As the weather warms, firefighters are asking hikers to be careful when hiking as mountain rescues are expected to increase in the coming months.
Although not all mountain rescues are due to heat-related incidents, hiking the trails is becoming increasingly difficult for rescue teams due to heavy equipment and remote locations that need to be accessed. at high temperatures.
According to the Phoenix Fire Department, more than 200 rescues are performed each year.
On Thursday morning, a woman in her 40s was rescued and airlifted from a Phoenix hiking trail after sustaining an injury.
The Phoenix Fire Department received reports of a woman with an ankle injury off the Piestewa Peak Trailhead at 7:29 a.m., according to department spokesperson Cpt. Evan Gammage.
A Firebird 10 aircraft was used to assist in the rescue. She was taken to a nearby hospital for treatment, Gammage said.
Over the past weekend, two people were rescued from trails at Piestewa Peak and another from a trail at South Mountain. And according to press releases issued by the Phoenix Fire Department, at least 20 hikers had to be rescued in March.
Mountain rescues on the Piestewa Peak Trail at Piestewa Peak are not uncommon. In fact, it’s one of three hiking trails in the valley known for their short but steep and strenuous hikes – and their year-round popularity.

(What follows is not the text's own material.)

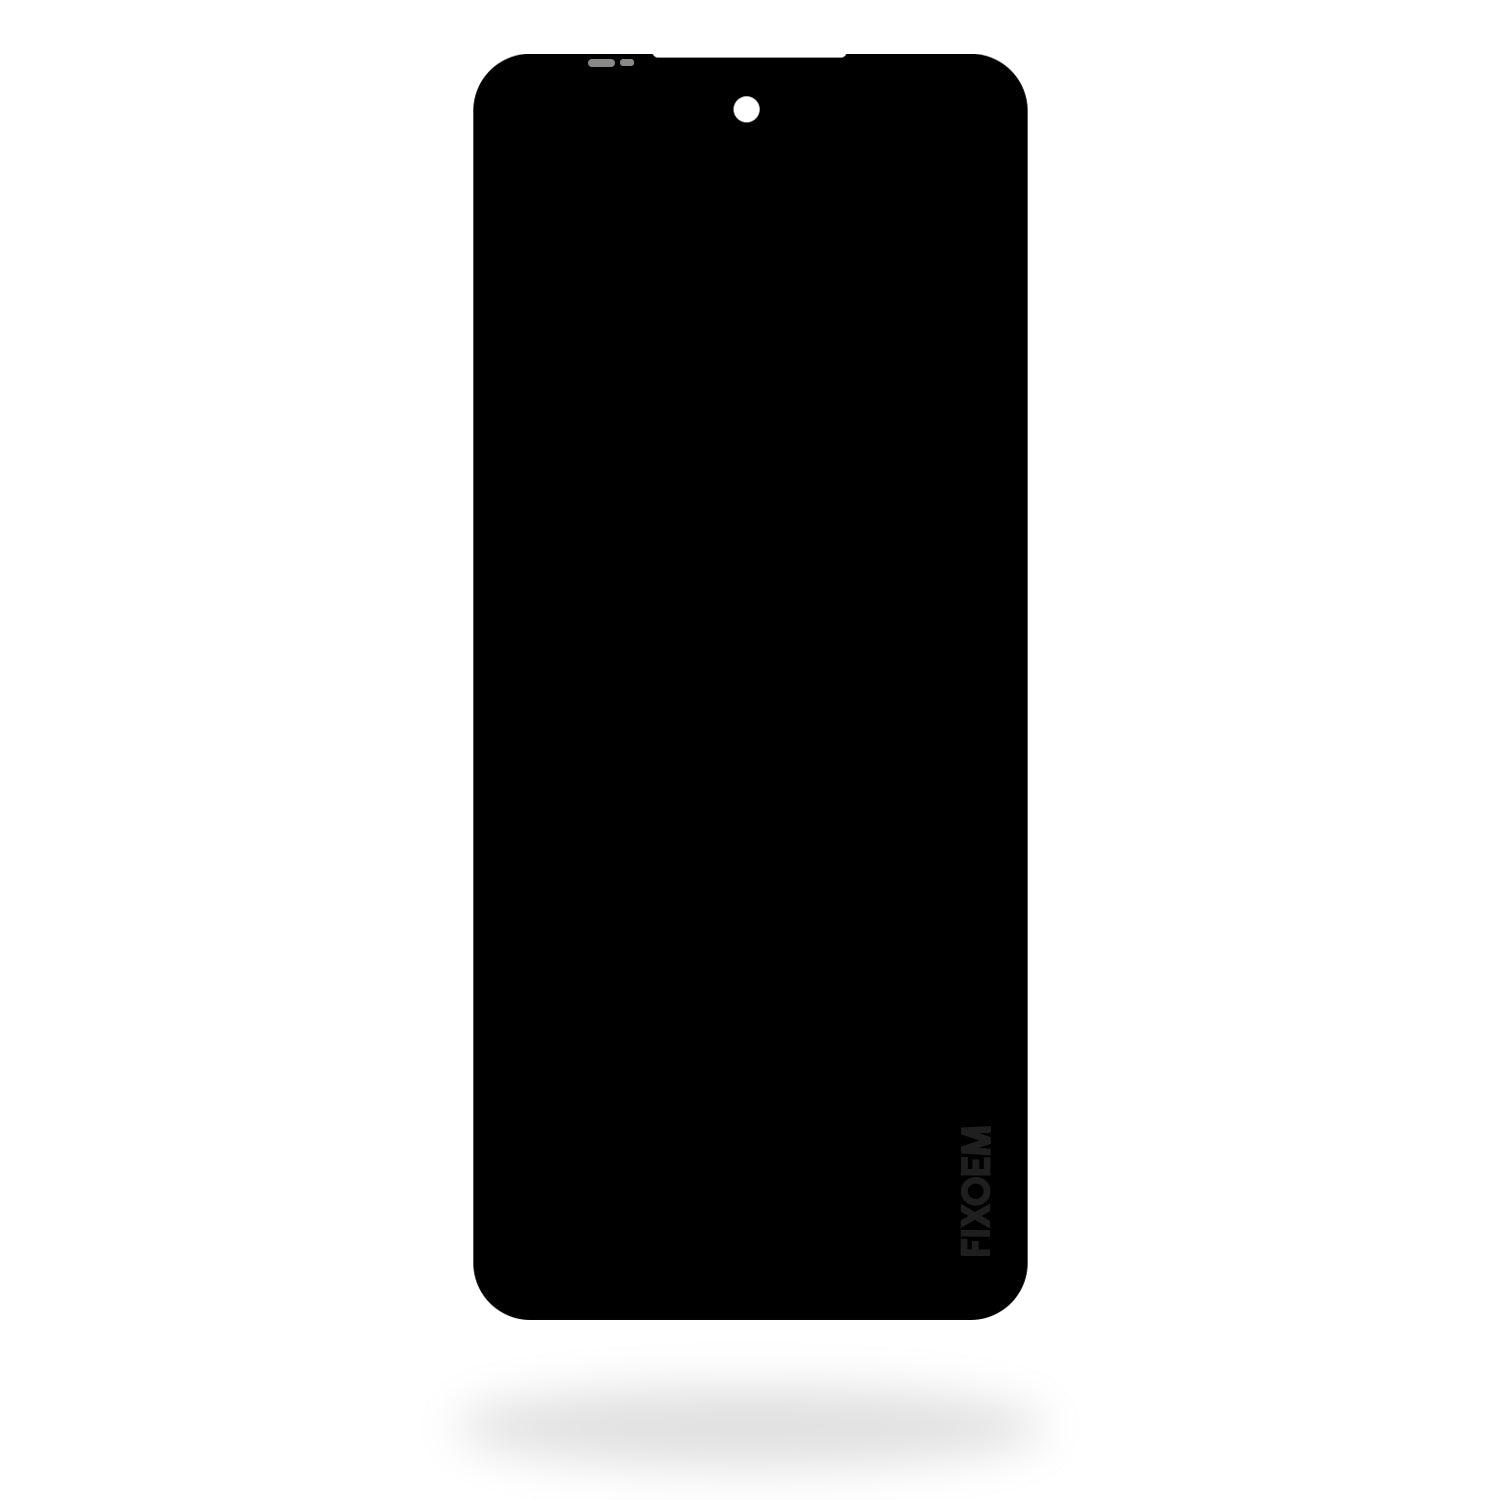 Display Moto G Stylus 5G 2022 XT2131 -DL -1 -3 -4 a solo $ 380.00 Refaccion y puestos celulares, refurbish y microelectronica.- FixOEM

The other two trails are the Cholla and Echo Canyon trails at Camelback Mountain.
All three trails are risky for first responders due to their respective terrain and elevations. They were among “the hardest-to-access areas in Phoenix,” according to a Facebook statement shared in July by the United Phoenix Firefighters Association.
In July, the Phoenix Parks and Recreation Board adopted a temporary policy that restricted access to two popular hiking trails after 12 firefighters were sent home for heat-related issues after performing three consecutive rescues on both mountains. Two of the firefighters ended up being hospitalized with acute kidney failure due to dehydration and exhaustion.
In October, the board voted to permanently adopt the policy on Camelback Mountain and Piestewa Peak on days when extreme heat is expected.
The policy prohibits hikers from accessing the Echo Canyon and Cholla trails at Camelback Mountain, and all trails associated with Piestewa Peak in the Phoenix Mountains Preserve from 11 a.m. to 5 p.m. on days when the National Weather Service issues a weather warning. excessive heat.
When these specific trails close, the parking gates will be closed and signage will be posted nearby to inform hikers. Information about the closure will also be communicated via the department’s website, on social media accounts and to local hotels. Department guards will also be nearby to ensure that hikers do not access the area.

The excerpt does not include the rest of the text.